# New chicks here too!!!



## Trip Trap Mountain (May 1, 2011)

So glad it worked. She is a really good Mama... and we have 4 new fluffy chicks to coo over. Is there a way to tell from their coloring what they will be as adults? Our flock is all different colors... the rooster was an Amerucana. Mama Hen is black sex-link colors? I think, obviously a rookie here. I sure hope they are all hens!! 
Once she was ready to get off the nest I moved her and the chicks into a big dog crate and will keep them there until they are a little bigger.



















Stormy checking out the new barnmates.


----------



## KW Farms (Jun 21, 2008)

Oh they are so darn cute!! Congrats!

I love the stipes on their backs...too cool! :thumb:


----------



## freedomstarfarm (Mar 25, 2011)

Adorable!! I love that first photo!
Yes some chick breeds are identifiable as babies no the sex though as far as I know. There are photos of some of the chicks here under the adult photos. http://www.mcmurrayhatchery.com/bar_baby_chicks.html


----------



## milkmaid (Sep 15, 2010)

CUUUUUUUUUUUUUUTE!
That's so funny. We have a kid named Storm that looks almost identical to that one! (No wattles though.)


----------



## milkmaid (Sep 15, 2010)

Oh, I also want to say, I really like your farm name AND your avatar! Very cute! :thumb:


----------



## KatieT (Mar 20, 2011)

So cute! I just love that little chick peeking out in the first pic!

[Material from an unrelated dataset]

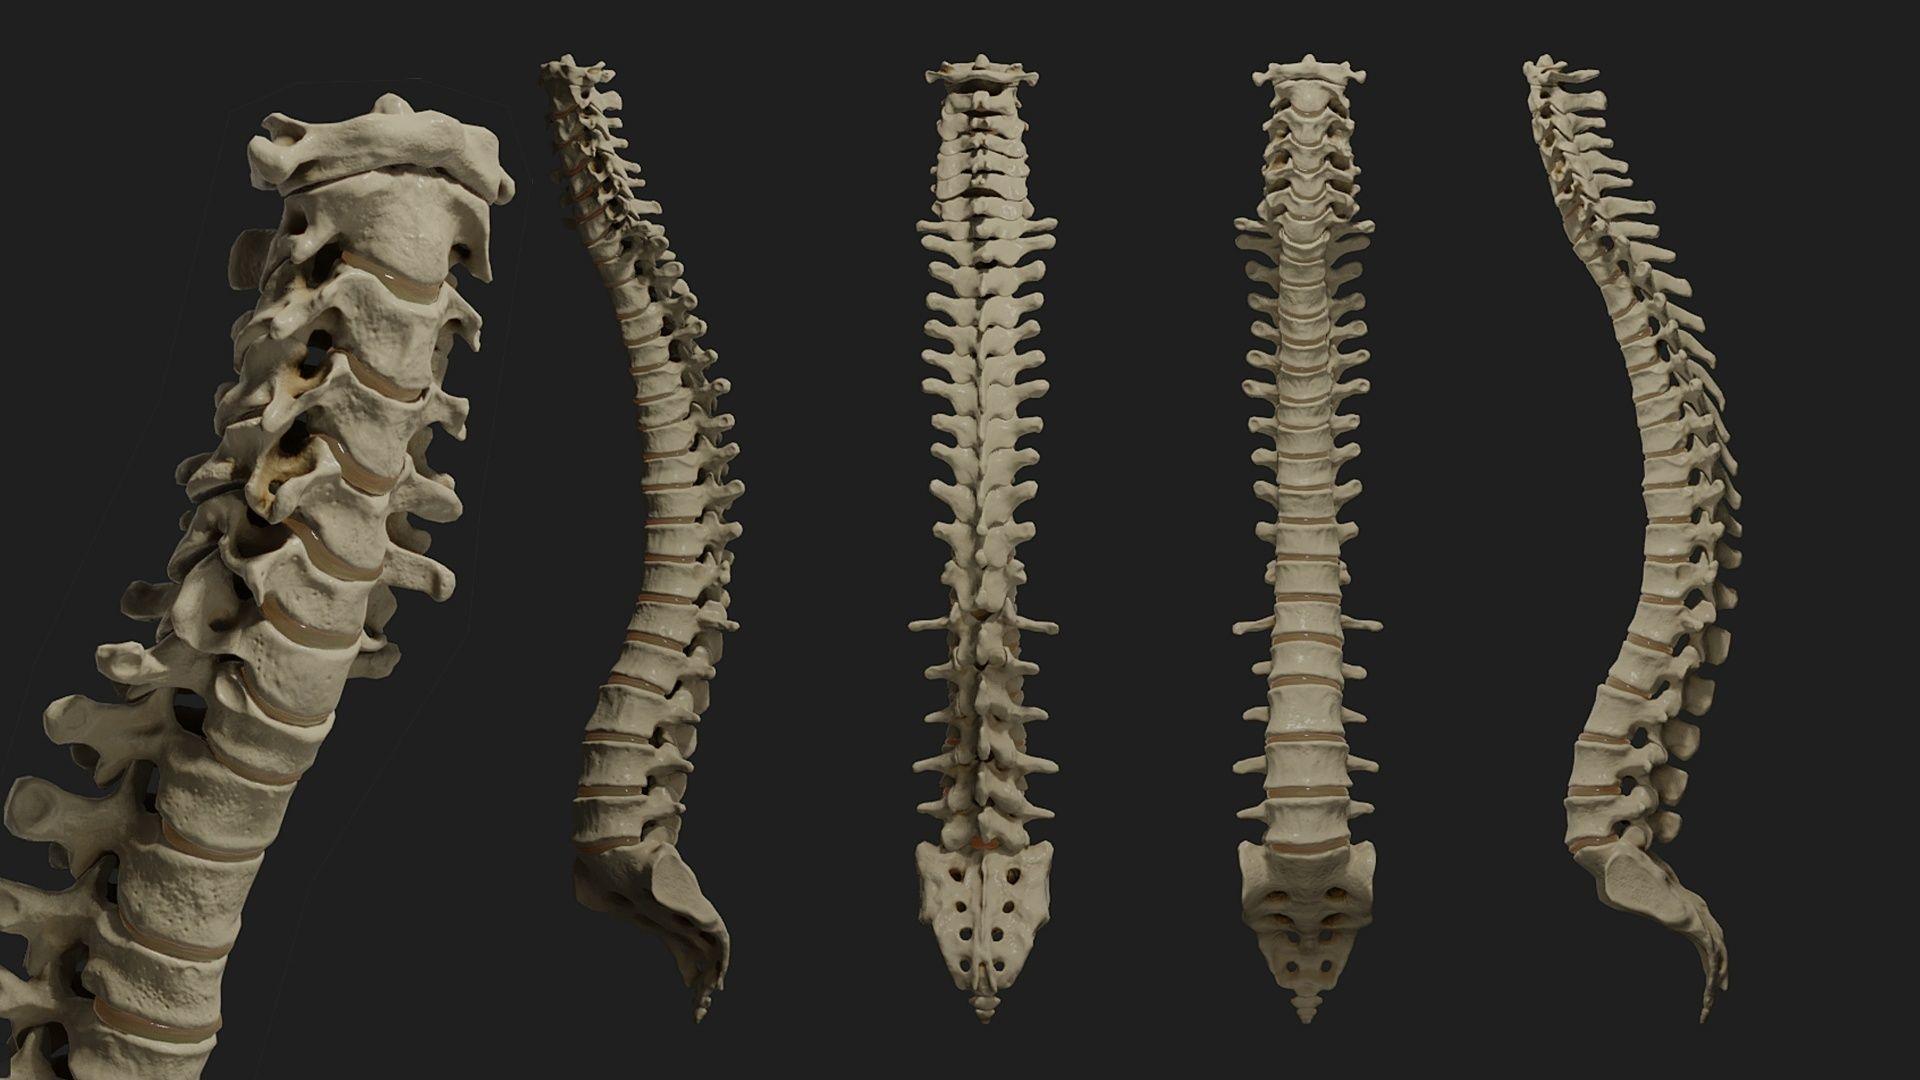 Human spine PBR

I would guess that your chipmunk-patterned chicks will grow up to look something like this: http://www.backyardchickens.com/breeds/ ... 772726.jpg. The buff-colored chick I would guess will be reddish to orangish, similar to a Production Red. These are just guesses, though - I'd love to see pictures of them when they've feathered out!

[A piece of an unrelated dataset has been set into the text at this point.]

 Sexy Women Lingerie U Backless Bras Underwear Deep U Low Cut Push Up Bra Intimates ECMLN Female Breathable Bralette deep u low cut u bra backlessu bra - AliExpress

They really are sweet.  You have a really lovely set-up for them, too!


----------



## Trip Trap Mountain (May 1, 2011)

thanks everyone!!! i just love them. we have 14 eggs in the incubator (saved the last few days of eggs before the rooster met his end) i'm hoping my mama hen will adopt them... or one of the other hens will be broody by then and i can try sneaking them under her. 
thanks for the links!! going to check them out now.


----------